**Exercise instructions**
Copy, word for word, the lines of the entries below between the one with "KUSMI TEA AquaRosa" and the one with "Historias del paddock", inclusive, and leave out everything else.

**Information shown**
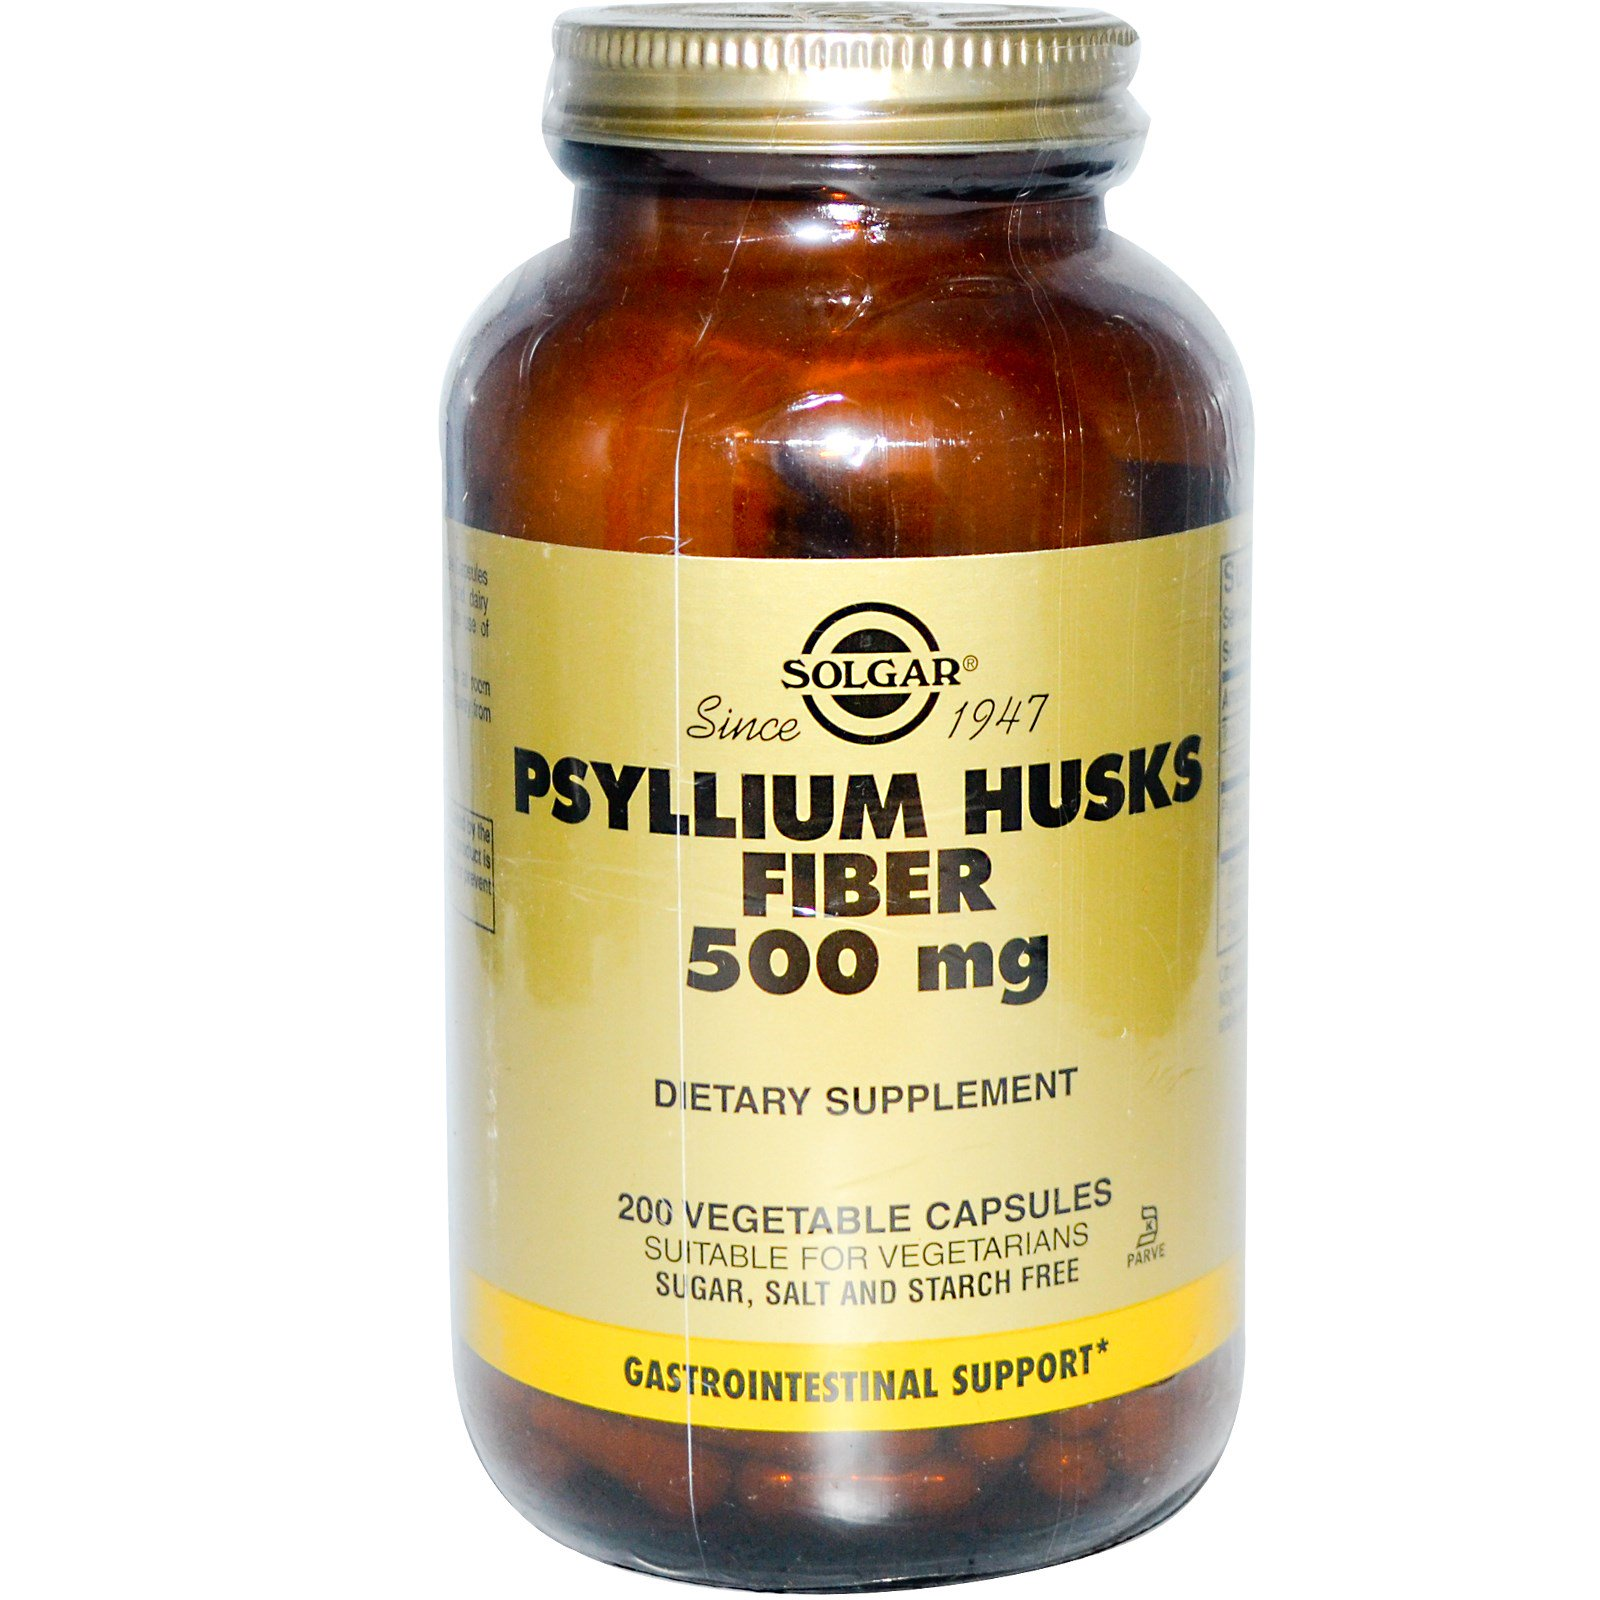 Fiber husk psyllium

---

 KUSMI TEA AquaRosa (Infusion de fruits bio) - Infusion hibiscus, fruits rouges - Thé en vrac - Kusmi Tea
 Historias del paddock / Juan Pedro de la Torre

**Exercise output**
 KUSMI TEA AquaRosa (Infusion de fruits bio) - Infusion hibiscus, fruits rouges - Thé en vrac - Kusmi Tea
 Historias del paddock / Juan Pedro de la Torre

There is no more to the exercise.